Material for the task Start Marker

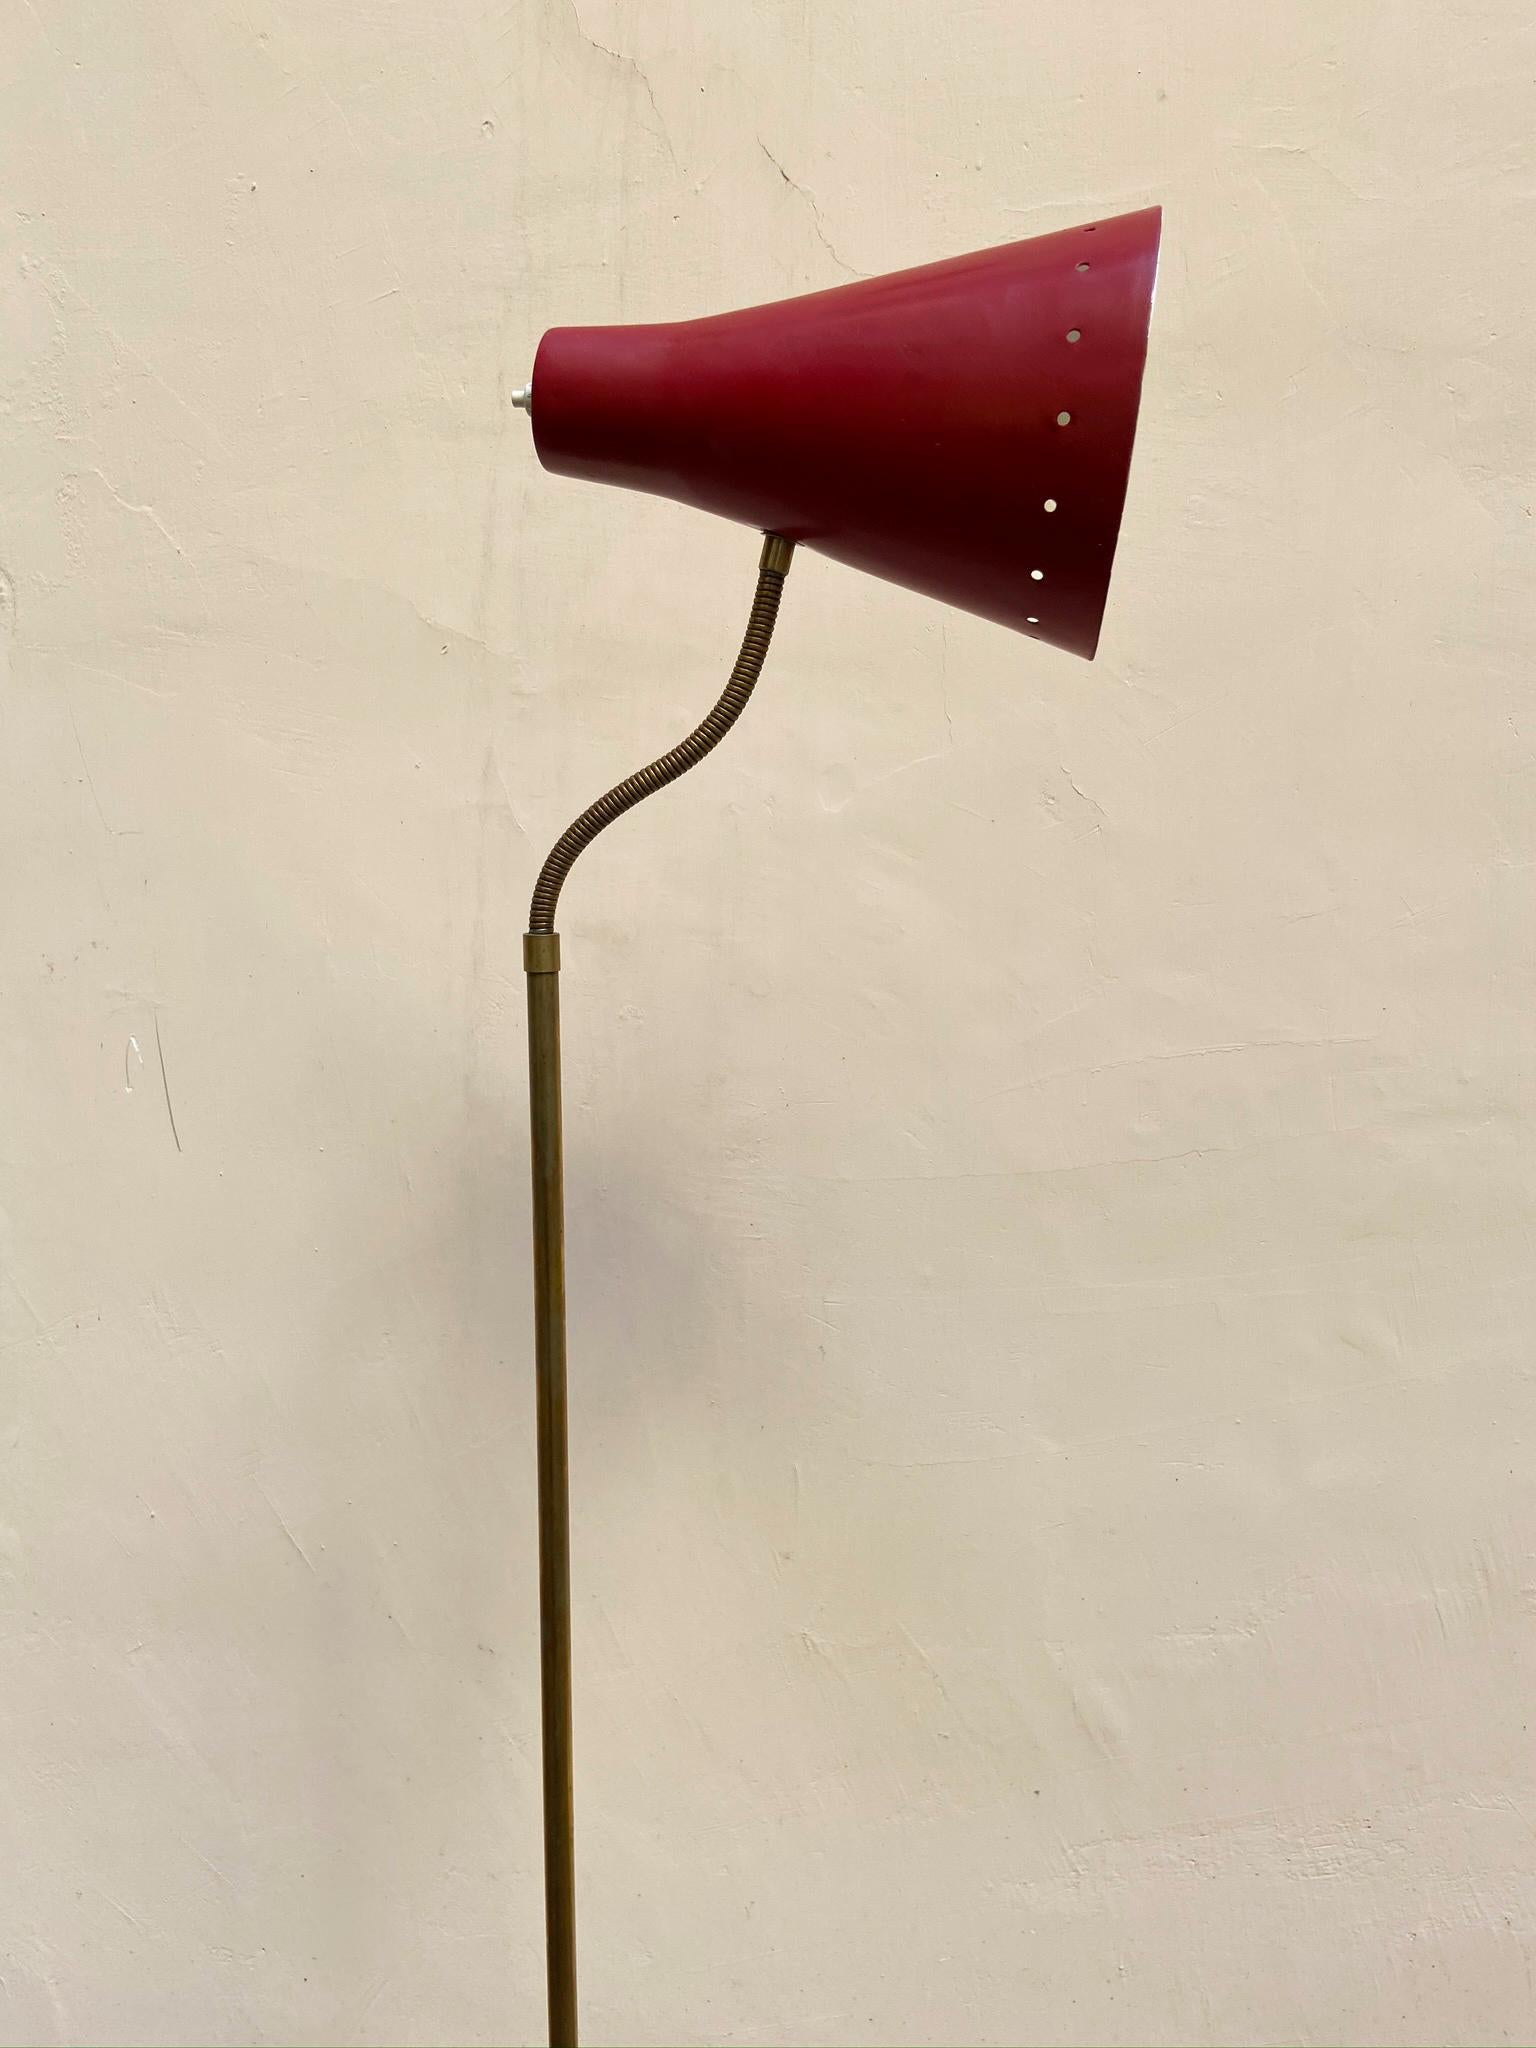 Italian manufactured floor lamp produced in the 1950s.
Circular base in brass.
Brass stem with articulated end part.
Diffuser in red painted aluminum externally.
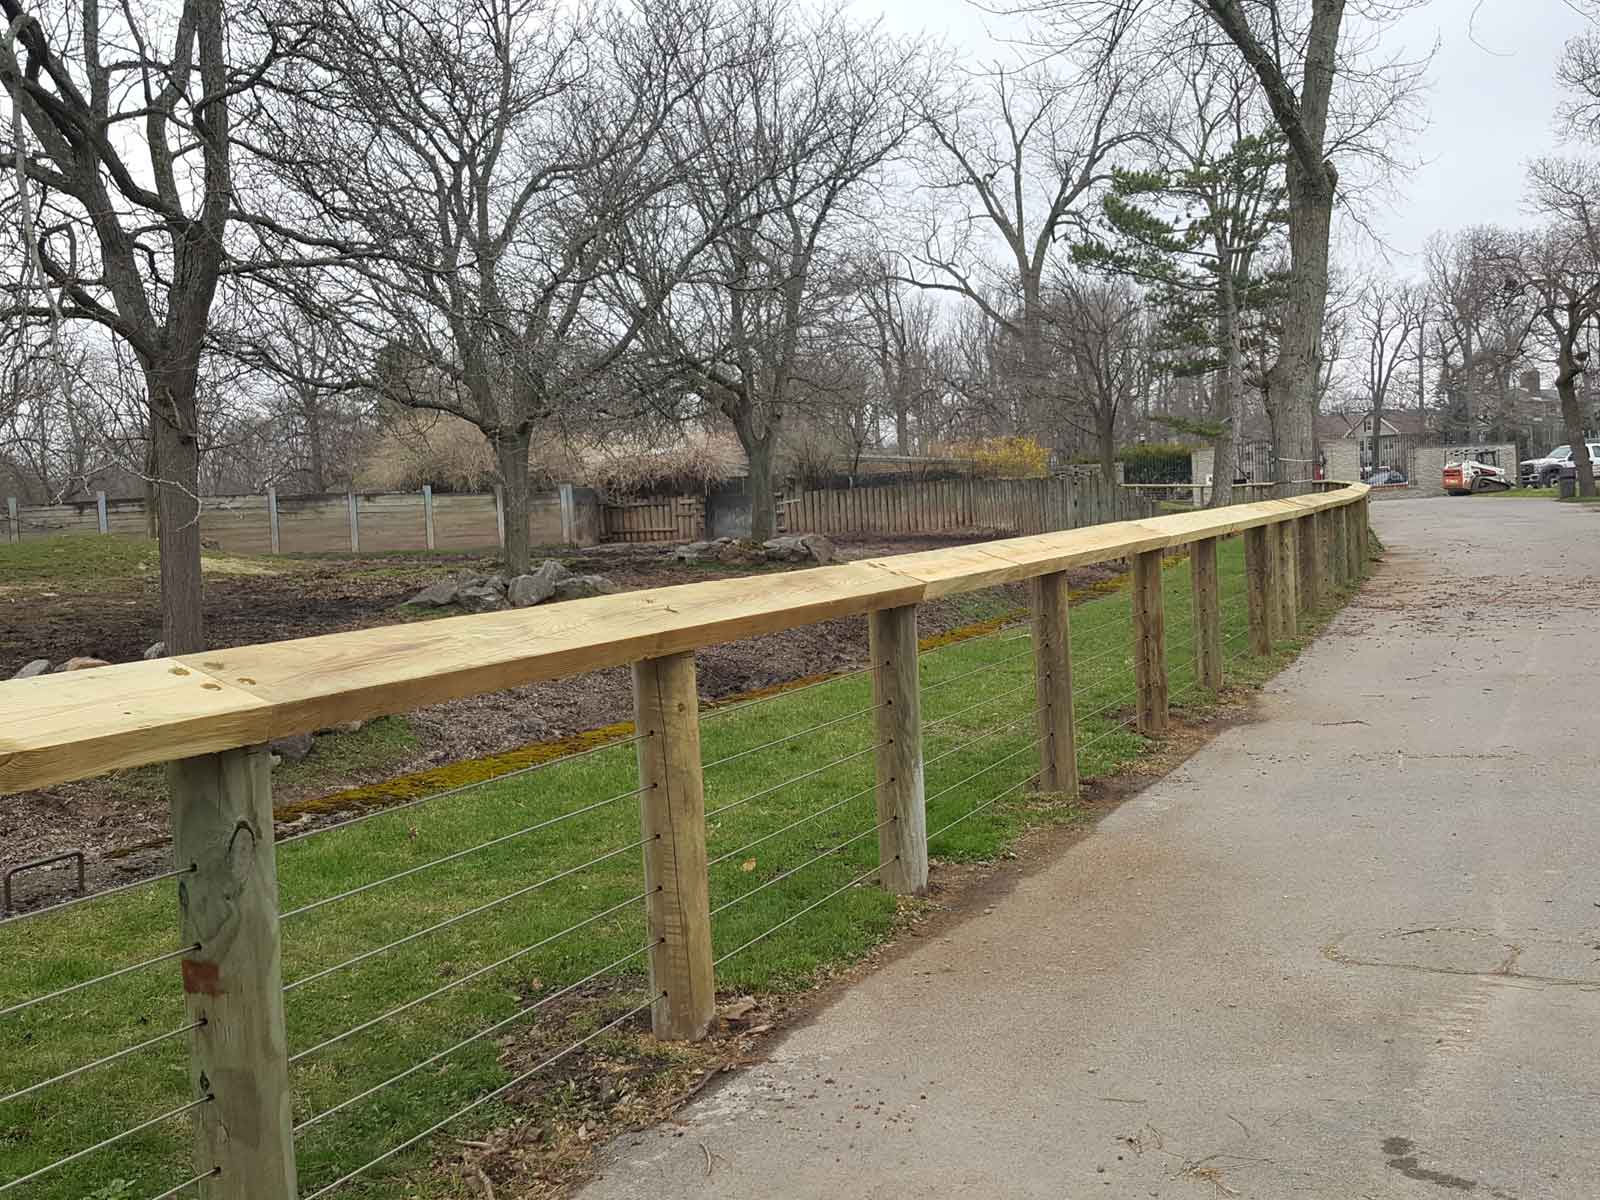 Commercial Fencing for Animal Parks and Zoos in Pittsburgh, PA
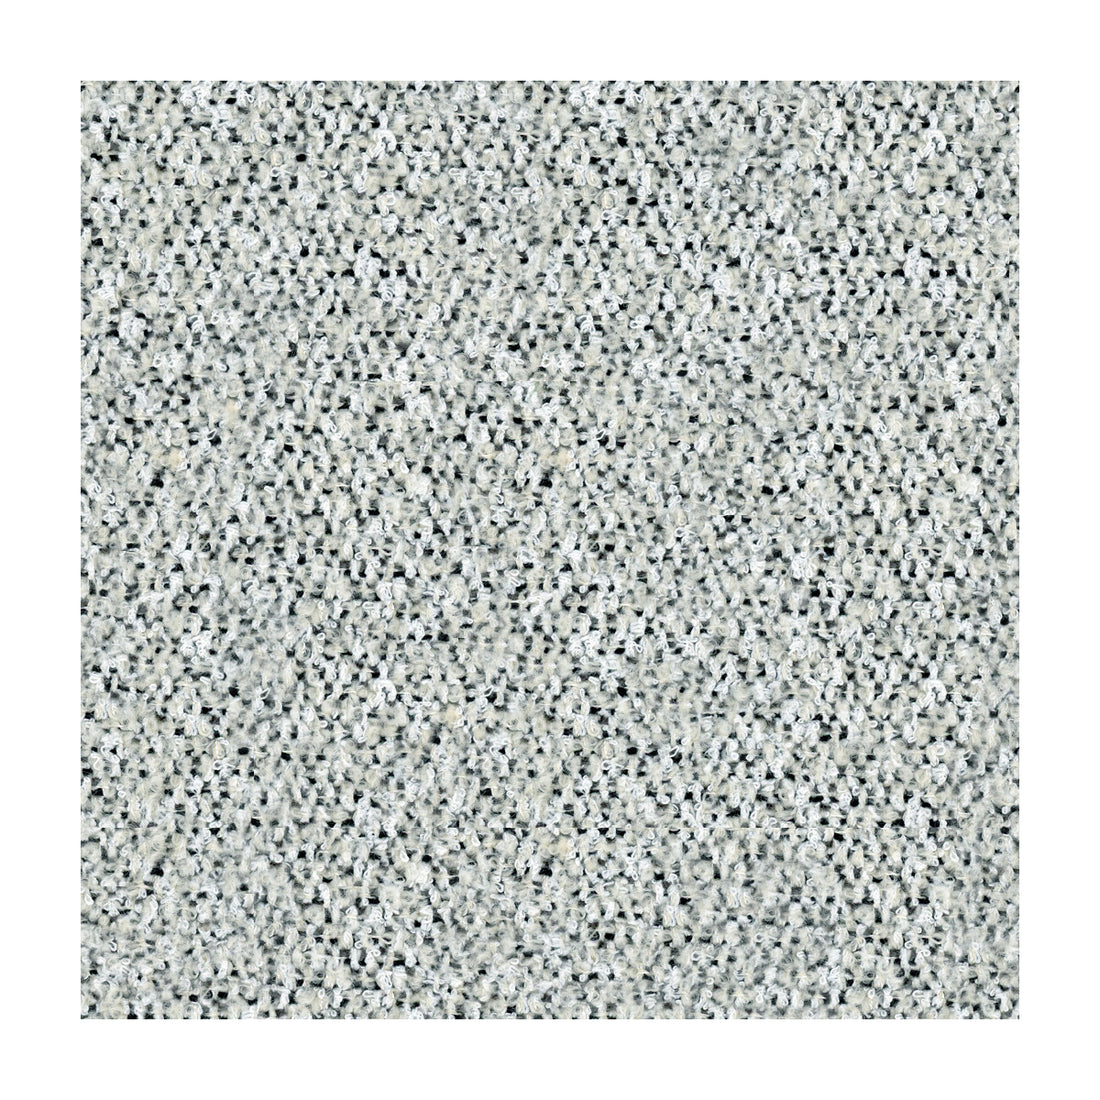 Tessellate fabric in ivory/black color - pattern GWF-3527.18.0 - by Lee Jofa Modern in the Kelly Wearstler III collection

Material for the task End Marker

■ Activity: The answer is the full listing above, reproduced character for character, minus its images.

■ Result:
 Italian manufactured floor lamp produced in the 1950s.
Circular base in brass.
Brass stem with articulated end part.
Diffuser in red painted aluminum externally.
 Commercial Fencing for Animal Parks and Zoos in Pittsburgh, PA
 Tessellate fabric in ivory/black color - pattern GWF-3527.18.0 - by Lee Jofa Modern in the Kelly Wearstler III collection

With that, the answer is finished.